Middle Pleistocene Homo in the Levant

Our understanding of the origin, distribution, and evolution of early humans and their close relatives has been greatly refined by recent new information. Adding to this trend, Hershkovitz et al. have uncovered evidence of a previously unknown archaic Homo population, the “Nesher Ramla Homo” (see the Perspective by Mirazon Lahr). The authors present comprehensive qualitative and quantitative analyses of fossilized remains from a site in Israel dated to 140,000 to 120,000 years ago indicating the presence of a previously unrecognized group of hominins representing the last surviving populations of Middle Pleistocene Homo in Europe, southwest Asia, and Africa.
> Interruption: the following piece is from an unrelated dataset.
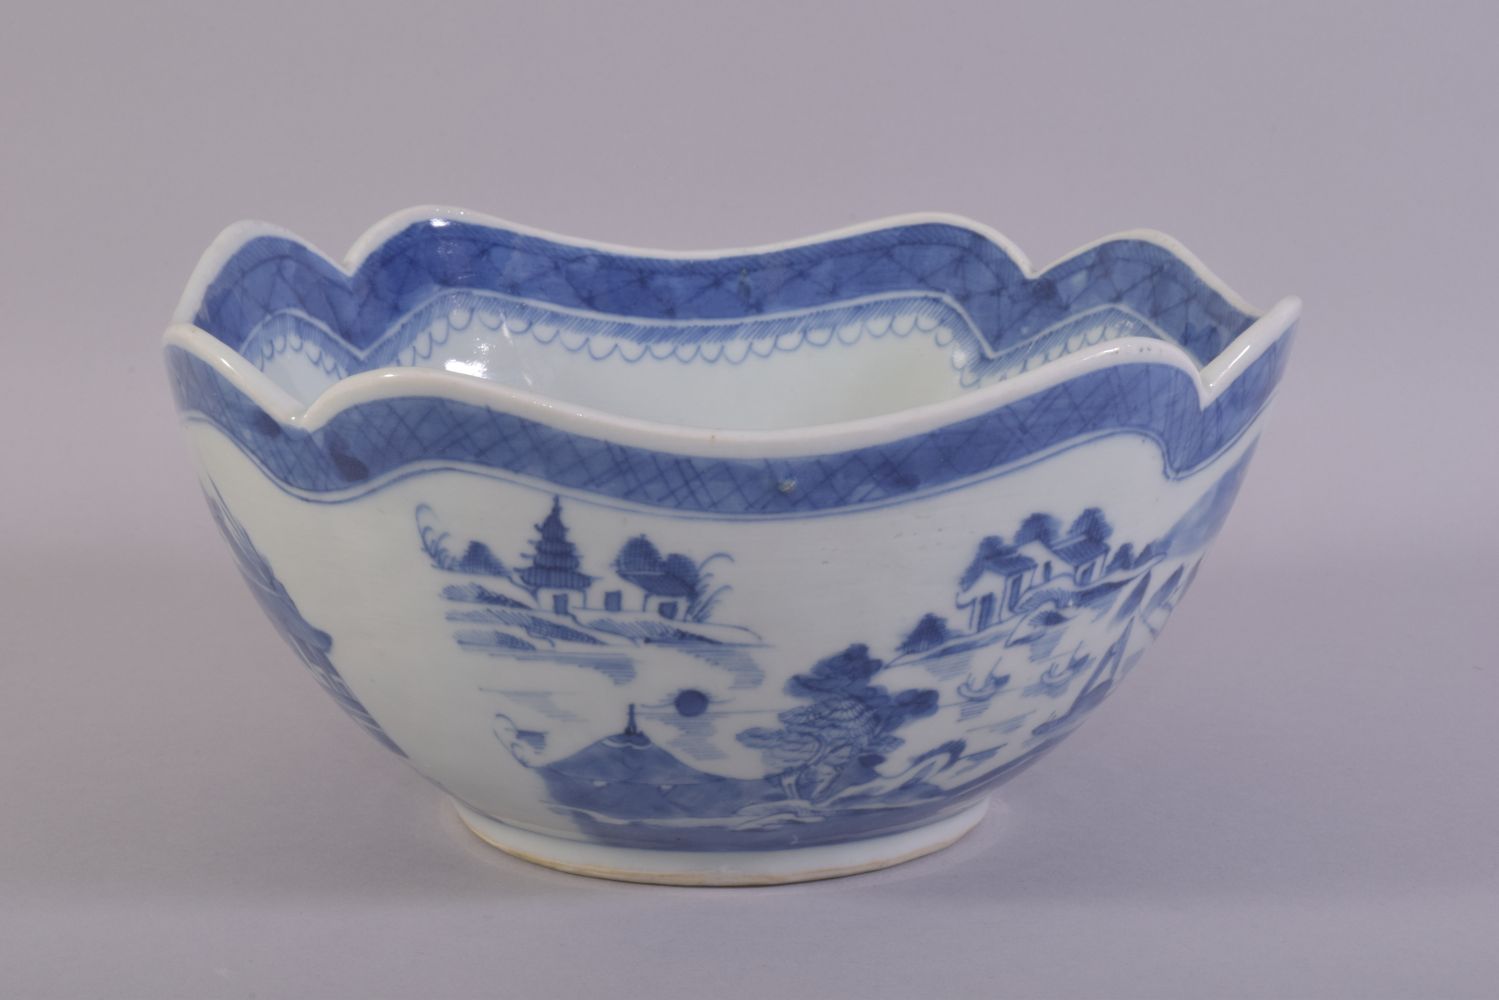 A CHINESE BLUE AND WHITE PORCELAIN BOWL, decorated with a landscape including buildings, boats and - Image 2 of 6
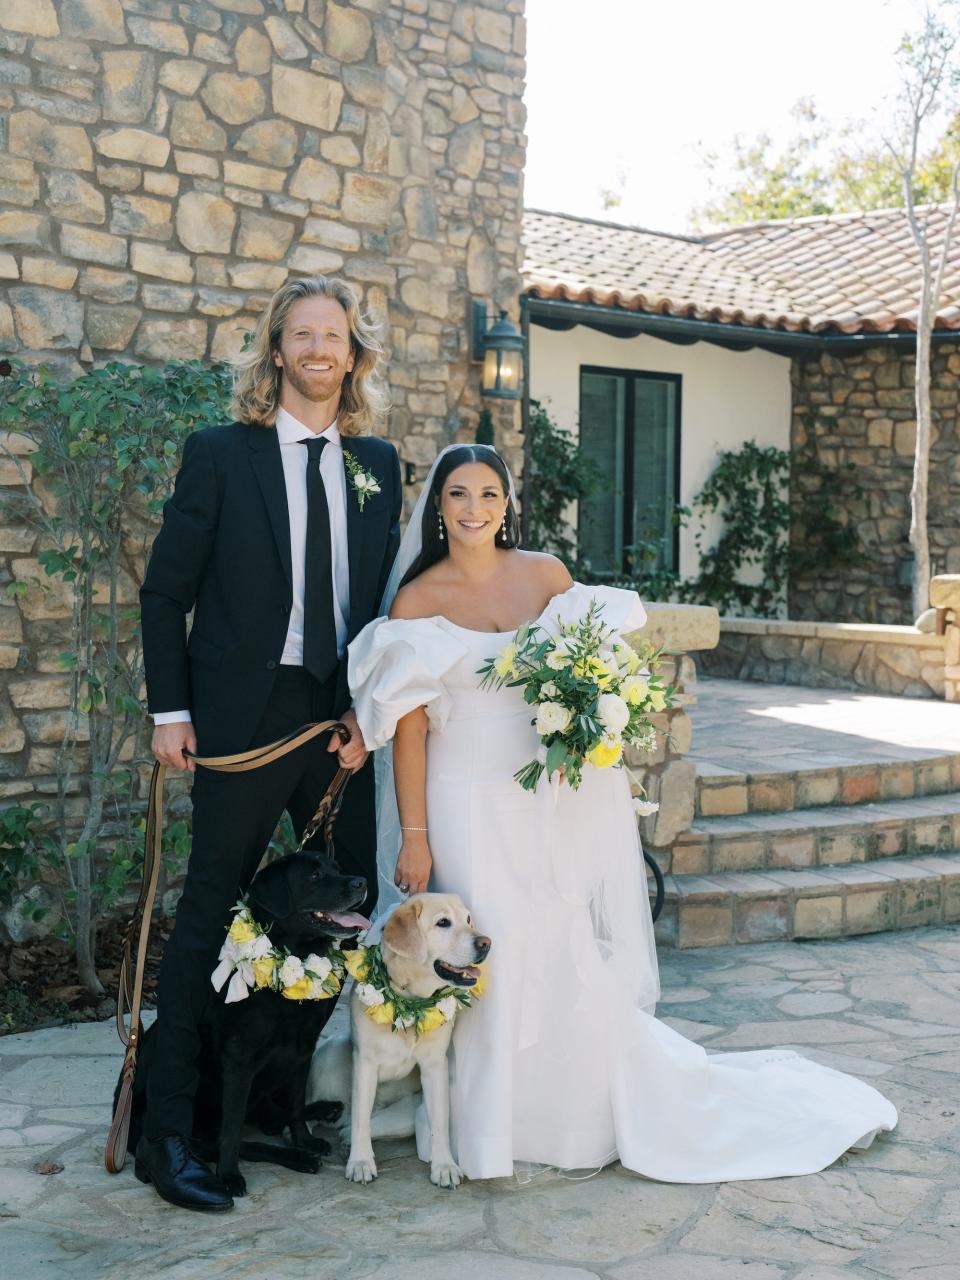 A bride and groom pose with a black dog and a yellow dog on their wedding day.

In a companion paper, Zaidner et al. present the radiometric ages, stone tool assemblages, faunal assemblages, and other behavioral and environmental data associated with these fossils. This evidence shows that these hominins had fully mastered technology that until only recently was linked to either Homo sapiens or Neanderthals. Nesher Ramla Homo was an efficient hunter of large and small game, used wood for fuel, cooked or roasted meat, and maintained fires. These findings provide archaeological support for cultural interactions between different human lineages during the Middle Paleolithic, suggesting that admixture between Middle Pleistocene Homo and H. sapiens had already occurred by this time.